Mitt Romney: I wish Bill Weld were at the top of the Libertarian ticket

"I don't know Gary Johnson as well, and I'm not endorsing the Libertarians at this point."


Mitt Romney has made it known that he’s not particularly thrilled with the two presumptive major-party presidential nominees, Donald Trump and Hillary Clinton.

And while he hasn’t ruled out voting for the Libertarian ticket, he’s not particularly enthusiastic about the third-party presidential candidate Gary Johnson, either.

The presidential candidate for which Romney wishes he could cast his ballot: fellow former Massachusetts Gov. Bill Weld.

“I wish Bill Weld were at the top, because I knew Bill Weld as the governor of my state, Massachusetts, and he was a terrific governor,” Romney told CBS News’s John Dickerson in an interview Wednesday at the Aspen Ideas Festival in Colorado.


“I think he would be a great president,” he said of the Libertarian Party’s vice presidential nominee.

Romney—who said Wednesday he would either vote for a third-party candidate or write in his wife’s name in November—was apprehensive about backing the Libertarian ticket, however, due to its presidential nominee, Johnson, the former Republican New Mexico governor.

“I don’t know Gary Johnson as well, and I’m not endorsing the Libertarians at this point,” he said.

Earlier this June, Romney offered similar, qualified praise to the Libertarian ticket, but said he had to get to know Johnson better. One roadblock for Romney—who in accordance to his beliefs as a Mormon abstains from alcohol, smoking, and coffee—is Johnson’s support for legalizing marijuana, a drug which the former Massachusetts governor said “makes people stupid.”


Nonetheless, Romney said Wednesday he thinks it is ” by far the most likely outcome” that either Clinton or Trump will be elected president. Since he has no plans of supporting either of them, Romney said he will spend his time ahead of the November general election campaigning and raising money for Republican candidates for the Senate and House of Representatives.

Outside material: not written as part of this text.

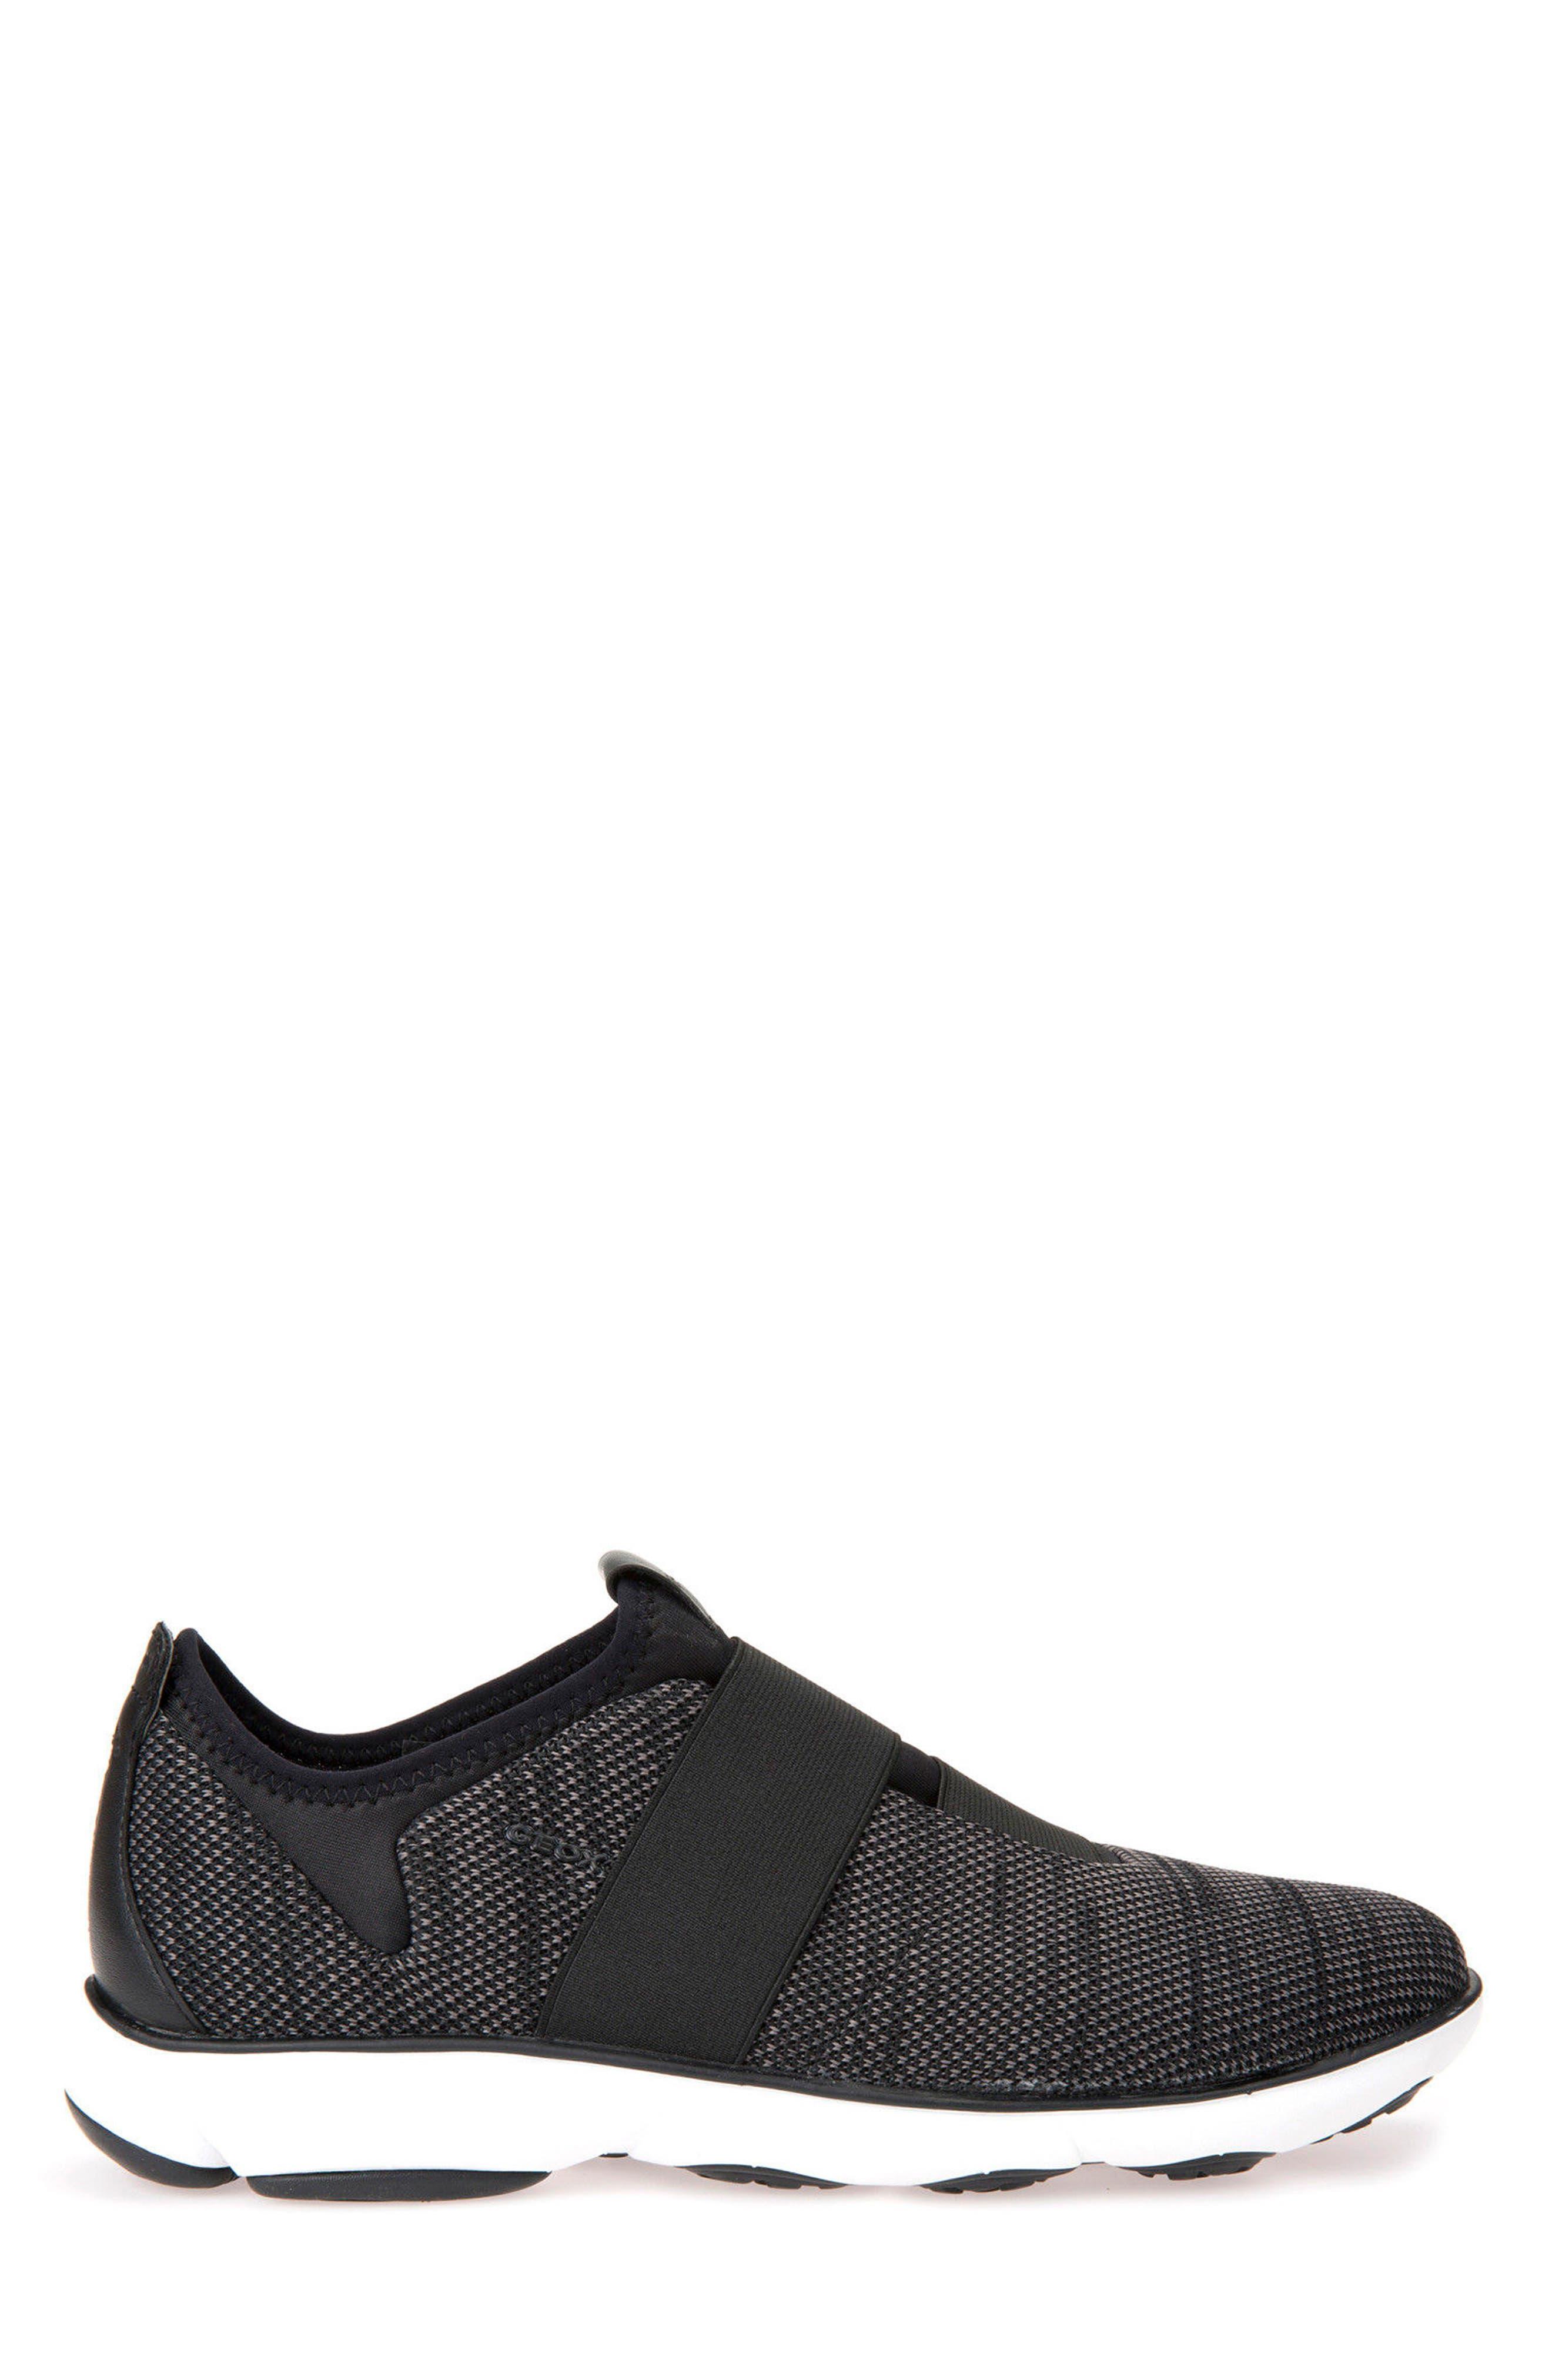 GEOX Nebula 45 Banded Slip-On Sneaker, Main, color, BLACK

“Most people recognize that Donald Trump is a departure from traditional Republican philosophies and nominees,” Romney said.

The two-time Republican presidential candidate said he still is urged by his kids to jump into the presidential race.

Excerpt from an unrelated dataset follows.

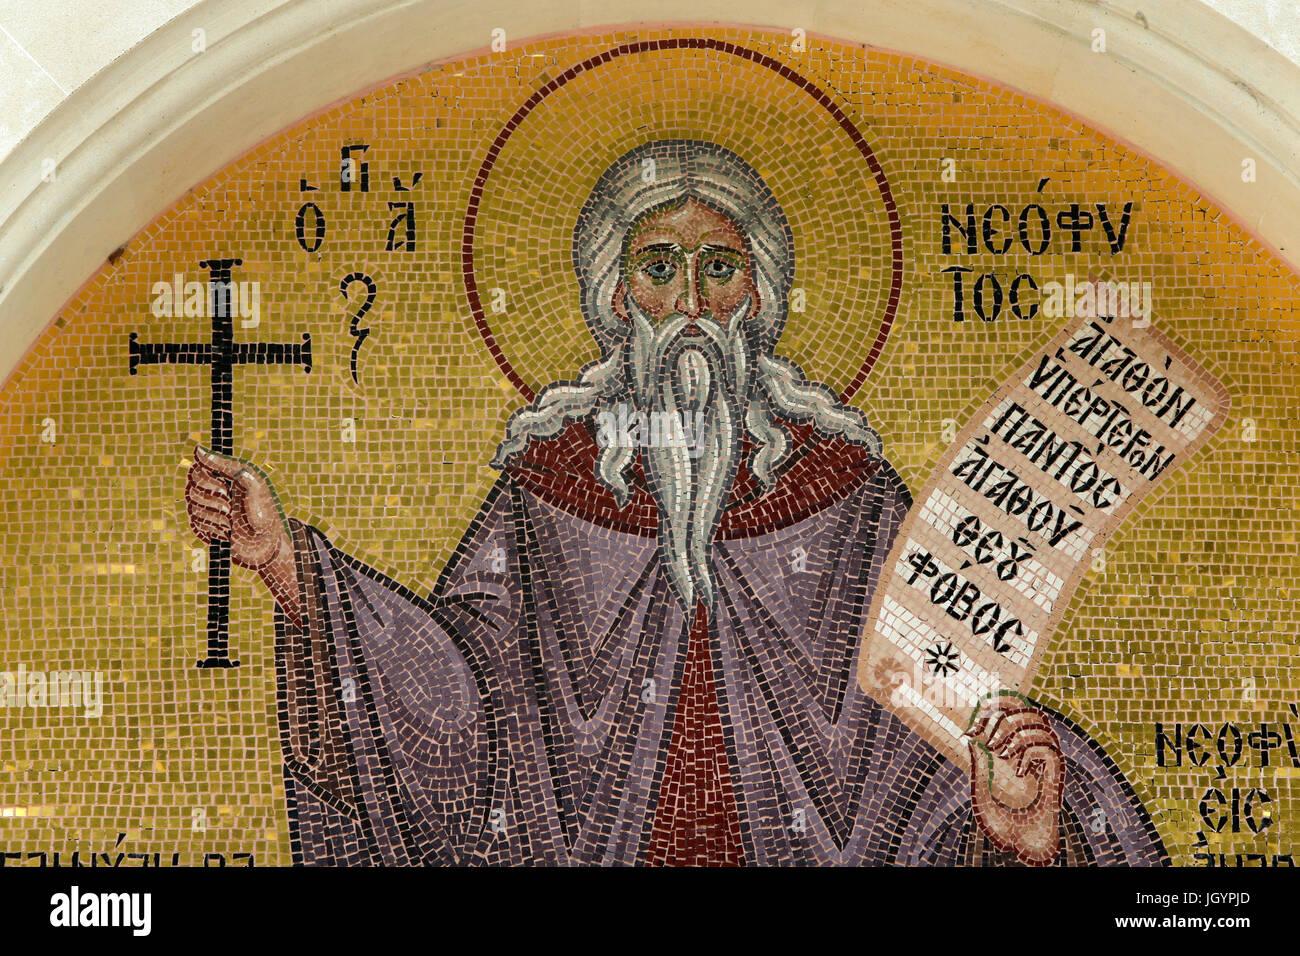 Troodithissa monastery mosaic. Saint Neophyte. Cyprus. - Stock Image

“My wife and kids wanted me to run again this time, interestingly enough,” he said. “And they, you know, I’ve got some kids, I got an email from one of my sons yesterday saying, ‘You got to get in, dad. You got to get in,’which is very kind of a strange thing to me.”


Romney has repeatedly ruled out launching any manner of 2016 presidential campaign, whether as a Republican, third-party, or independent candidate.

“I don’t think an independent candidate can win,” he said.

Romney later added: “Once the nomination was locked up, I didn’t see a chance of winning that was realistic.”